Can I clean one partition at a time with ReplDiag, and other tips [Part 4 of 4]
Hi, Rob here again. As we conclude our 4 part series on the ReplDiag tool, there’s always one more trick up the author’s sleeve and that is, to clean one NC at a time! Perhaps we’ll explore hidden switches and naturally, give you the latest update where the tool is going. First, an “NC”, or naming context, for those of you who have not figure it out yet, is a partition, in the NTDS.DIT database of Active Directory. The basic breakdown is here. Think of it logically, segmented sections of the database where different data is stored. Where schema, configuration, domain and application (DNS usually) partitions are segmented into logical storage chunks in the database. When lingering objects exist, be they are logged in the deleted items container, a global catalog RO(read only) NC/partitions, it may be necessary to perform cleanup per that partition, so here’s how to do just that.
ReplDiag has a command line switch that allows the user to output the equivalent repadmin.exe syntax and run lingering object cleanups using the officially supported Microsoft tool for those who are concerned about support and concerns around open source.
As stated earlier in this thread, the author wrote this tool to address the forest as a whole, however there are scenarios where more granular, by naming context control is useful. Until the author adds that functionality into the tool here is how to do that:
Command Line Syntax (using a combination of redirection and multiple commands, some basic command line tools):
ReplDiag /removelingeringobjects /OutputRepadminCommandLineSyntax| find /I “cn=configuration,dc=contoso,dc=com”> cleanConfigNc.cmd & cleanConfigNc.cmd & del /q cleanConfigNc.cmd
Note: just change the portion between the quotation marks with the name of the naming context required.
Note: One of the advantages of ReplDiag is that it cleans everything in a multithreaded fashion where possible to improve performance. This is lost when repadmin.exe is used in the above batch file scenario.
Now that you’re feeling in control, let’s dive into some hidden and other tips to get things wrapped up.

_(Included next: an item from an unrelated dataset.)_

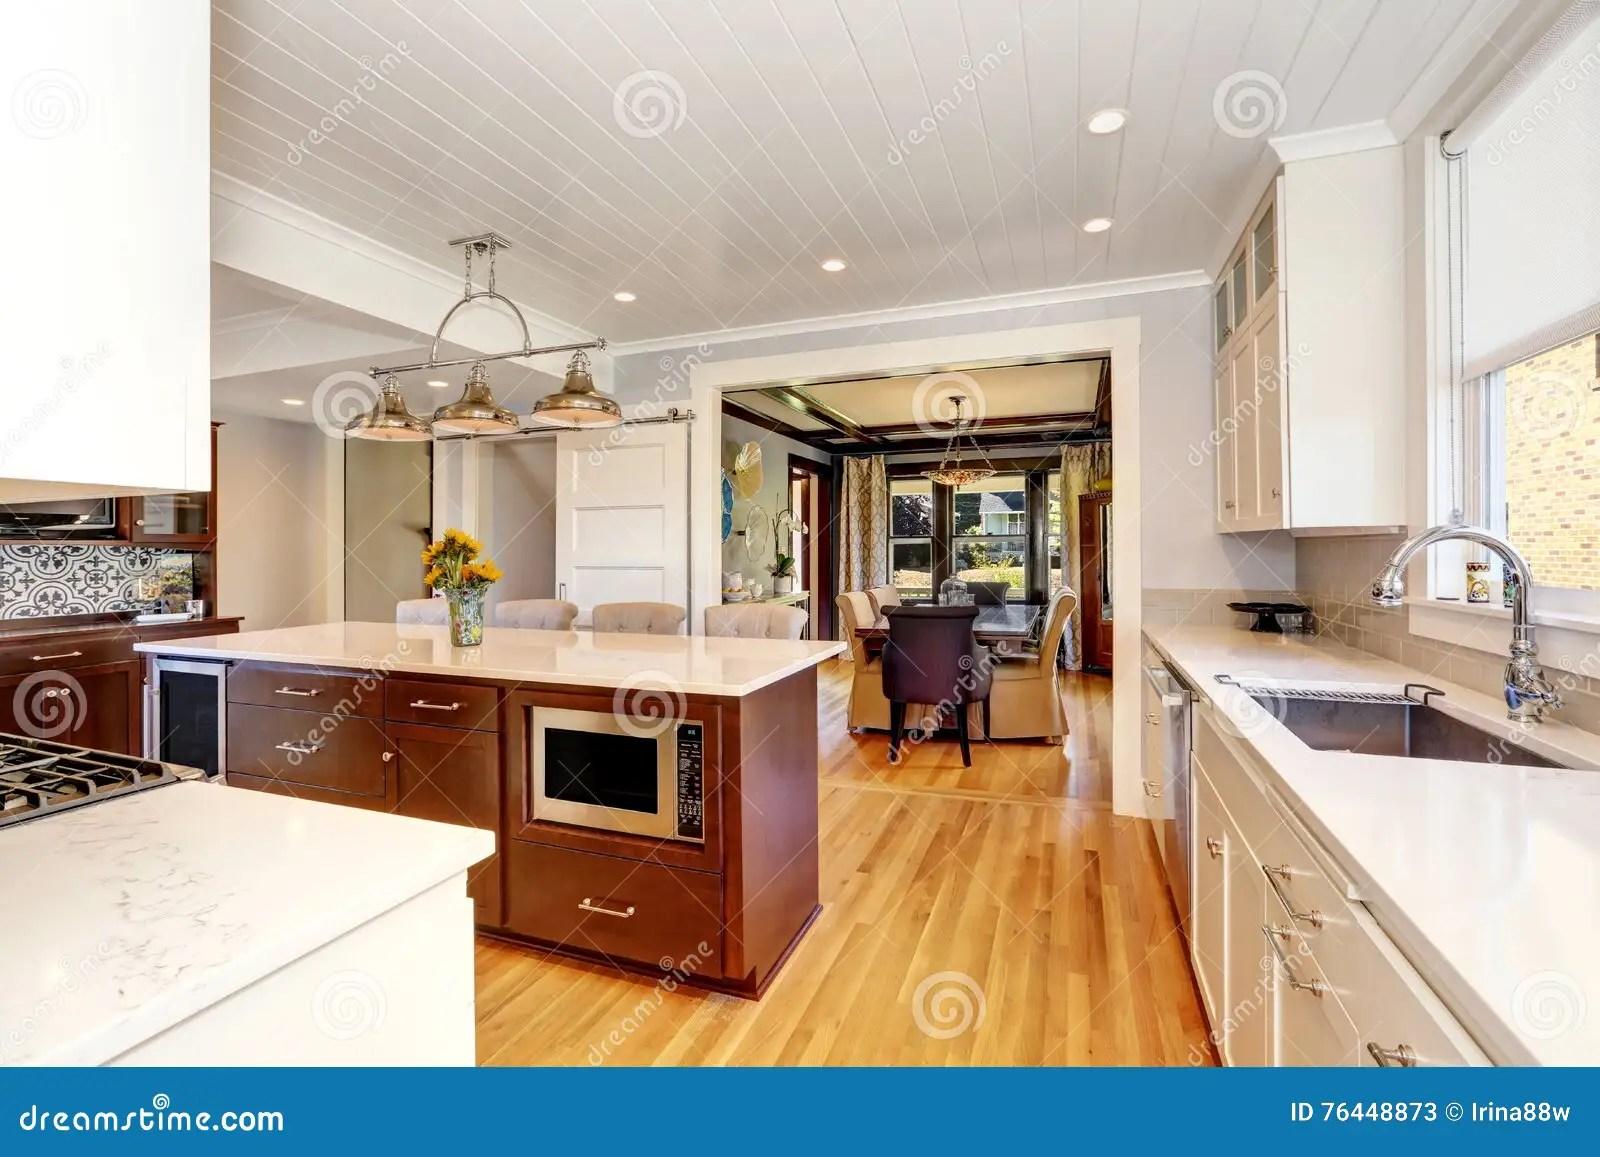 kitchen updates bbq 厨房室白色内部有大厨房的库存图片 图片包括有厨房 更新 庄园 火炉 厨房室白色内部有大厨房 现代下垂光和存贮组合的餐厅在背景中西北 美国

/UseRobustDCLocation – In some environments replication is so broken that the existence of all DCs has not converged across the forest. To address replication stability in the environment this, at a minimum is something that needs to be addressed. In order to reduce the number of iterations of data collection and get a clear picture of the whole environment this will contact each DC and get a list of all DCs known by each DC. These lists are then aggregated and compared to produce a consolidated list of all known DCs. Then the data collection of current replication proceeds. Due to the nature of having to query each known DC, environmental analysis time increases based on the size of the environment.
/OverrideDefaultReferenceDC – By default, the tool picks as the reference DC the DC with the most inbound connections under the assumption that this is a centrally located hub DC. If these criteria are incorrect for the environment, a reference DC per naming context can be designated.
/Save – The current state of replication, and all associated data, can be saved out to an XML file for reference and to transfer the state elsewhere. This is very useful for sending the state into Microsoft support or to compare before/after states. It saves the data with the filename “ReplicationData.XML”.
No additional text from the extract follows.